===== DATASET RECORDS =====
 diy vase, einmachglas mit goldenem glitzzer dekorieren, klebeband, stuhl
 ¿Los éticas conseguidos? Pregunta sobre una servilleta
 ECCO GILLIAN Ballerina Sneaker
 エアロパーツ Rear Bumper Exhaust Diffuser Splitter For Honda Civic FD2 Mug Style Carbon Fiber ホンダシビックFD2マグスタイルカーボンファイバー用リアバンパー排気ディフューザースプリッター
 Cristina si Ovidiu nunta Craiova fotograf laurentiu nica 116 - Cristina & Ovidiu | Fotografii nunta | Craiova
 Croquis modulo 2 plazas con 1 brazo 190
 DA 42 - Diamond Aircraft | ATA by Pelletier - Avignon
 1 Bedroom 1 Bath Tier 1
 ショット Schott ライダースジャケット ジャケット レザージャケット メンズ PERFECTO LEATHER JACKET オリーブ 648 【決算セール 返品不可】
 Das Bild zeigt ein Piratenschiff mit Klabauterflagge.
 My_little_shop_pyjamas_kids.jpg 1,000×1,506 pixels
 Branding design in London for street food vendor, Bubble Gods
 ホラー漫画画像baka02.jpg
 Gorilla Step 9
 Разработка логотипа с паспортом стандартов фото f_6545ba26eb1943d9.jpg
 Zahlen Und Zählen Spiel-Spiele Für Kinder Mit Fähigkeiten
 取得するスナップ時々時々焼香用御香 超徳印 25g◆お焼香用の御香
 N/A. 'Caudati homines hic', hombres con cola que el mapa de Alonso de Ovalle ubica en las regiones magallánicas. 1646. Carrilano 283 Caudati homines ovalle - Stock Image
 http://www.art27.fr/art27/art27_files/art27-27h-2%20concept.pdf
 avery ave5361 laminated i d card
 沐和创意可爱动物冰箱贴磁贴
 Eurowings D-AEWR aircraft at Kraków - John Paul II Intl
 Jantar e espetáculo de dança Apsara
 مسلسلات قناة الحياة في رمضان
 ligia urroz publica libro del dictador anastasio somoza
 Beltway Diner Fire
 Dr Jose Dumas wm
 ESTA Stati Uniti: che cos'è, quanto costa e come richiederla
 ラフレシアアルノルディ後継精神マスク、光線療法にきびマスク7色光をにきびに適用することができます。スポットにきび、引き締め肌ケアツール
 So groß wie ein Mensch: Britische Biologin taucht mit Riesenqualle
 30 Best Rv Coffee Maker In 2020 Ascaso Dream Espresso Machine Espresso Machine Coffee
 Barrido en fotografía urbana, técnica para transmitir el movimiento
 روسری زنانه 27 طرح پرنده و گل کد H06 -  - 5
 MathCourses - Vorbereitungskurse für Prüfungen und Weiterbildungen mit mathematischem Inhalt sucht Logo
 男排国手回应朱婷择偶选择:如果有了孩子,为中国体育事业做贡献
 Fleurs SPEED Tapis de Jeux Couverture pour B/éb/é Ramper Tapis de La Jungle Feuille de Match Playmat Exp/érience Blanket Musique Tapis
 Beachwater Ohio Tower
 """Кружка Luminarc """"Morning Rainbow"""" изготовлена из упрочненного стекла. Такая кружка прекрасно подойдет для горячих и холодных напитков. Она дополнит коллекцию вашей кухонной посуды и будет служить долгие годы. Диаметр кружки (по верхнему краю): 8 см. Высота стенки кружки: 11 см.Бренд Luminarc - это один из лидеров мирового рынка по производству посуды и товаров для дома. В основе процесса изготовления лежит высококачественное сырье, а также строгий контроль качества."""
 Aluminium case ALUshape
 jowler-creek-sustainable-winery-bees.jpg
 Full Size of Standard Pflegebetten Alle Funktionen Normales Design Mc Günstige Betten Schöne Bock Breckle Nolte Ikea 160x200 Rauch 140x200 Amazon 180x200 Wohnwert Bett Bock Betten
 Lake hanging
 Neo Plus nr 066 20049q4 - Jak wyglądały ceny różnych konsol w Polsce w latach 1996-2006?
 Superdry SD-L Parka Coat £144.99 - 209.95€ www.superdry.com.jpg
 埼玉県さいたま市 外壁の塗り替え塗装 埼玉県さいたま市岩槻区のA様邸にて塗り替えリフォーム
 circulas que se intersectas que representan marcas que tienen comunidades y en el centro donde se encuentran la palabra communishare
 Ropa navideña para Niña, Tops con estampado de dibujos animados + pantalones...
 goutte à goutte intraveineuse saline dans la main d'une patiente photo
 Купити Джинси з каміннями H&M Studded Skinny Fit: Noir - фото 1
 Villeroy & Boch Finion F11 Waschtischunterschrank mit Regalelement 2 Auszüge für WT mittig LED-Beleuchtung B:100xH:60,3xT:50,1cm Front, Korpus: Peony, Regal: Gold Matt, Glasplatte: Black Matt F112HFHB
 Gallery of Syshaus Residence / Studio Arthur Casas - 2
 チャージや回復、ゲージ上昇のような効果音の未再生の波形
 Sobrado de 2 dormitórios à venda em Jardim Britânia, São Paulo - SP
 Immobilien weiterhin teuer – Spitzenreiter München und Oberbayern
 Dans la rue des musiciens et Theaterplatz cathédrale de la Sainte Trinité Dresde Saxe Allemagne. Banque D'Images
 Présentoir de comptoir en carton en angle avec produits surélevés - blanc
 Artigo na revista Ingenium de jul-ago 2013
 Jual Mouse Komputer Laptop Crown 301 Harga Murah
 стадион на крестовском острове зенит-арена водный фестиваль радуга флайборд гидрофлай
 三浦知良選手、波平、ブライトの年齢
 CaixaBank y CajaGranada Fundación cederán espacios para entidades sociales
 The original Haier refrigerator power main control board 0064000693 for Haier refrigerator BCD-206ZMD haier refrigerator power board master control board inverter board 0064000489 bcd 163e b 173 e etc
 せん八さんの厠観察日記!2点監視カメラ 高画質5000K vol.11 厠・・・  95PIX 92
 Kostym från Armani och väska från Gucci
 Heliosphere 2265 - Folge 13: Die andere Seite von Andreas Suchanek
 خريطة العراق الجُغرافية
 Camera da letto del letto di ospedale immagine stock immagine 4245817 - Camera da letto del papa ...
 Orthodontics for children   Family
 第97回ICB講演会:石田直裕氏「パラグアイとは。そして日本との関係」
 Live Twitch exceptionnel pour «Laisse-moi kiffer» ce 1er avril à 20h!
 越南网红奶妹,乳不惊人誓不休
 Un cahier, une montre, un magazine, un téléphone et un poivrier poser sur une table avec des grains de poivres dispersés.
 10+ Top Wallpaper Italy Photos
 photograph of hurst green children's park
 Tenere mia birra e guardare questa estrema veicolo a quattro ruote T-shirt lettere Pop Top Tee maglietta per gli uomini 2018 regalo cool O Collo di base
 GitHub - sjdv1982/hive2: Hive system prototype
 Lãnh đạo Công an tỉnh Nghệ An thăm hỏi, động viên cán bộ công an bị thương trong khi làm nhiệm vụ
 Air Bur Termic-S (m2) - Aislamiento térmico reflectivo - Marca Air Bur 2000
=====
=== YOUR ASSIGNMENT ===
Lines from the start of the entries through the one containing "ECCO GILLIAN Ballerina Sneaker" are to be set down again exactly, both ends included.

=== RESPONSE TO THE TASK ===
 diy vase, einmachglas mit goldenem glitzzer dekorieren, klebeband, stuhl
 ¿Los éticas conseguidos? Pregunta sobre una servilleta
 ECCO GILLIAN Ballerina Sneaker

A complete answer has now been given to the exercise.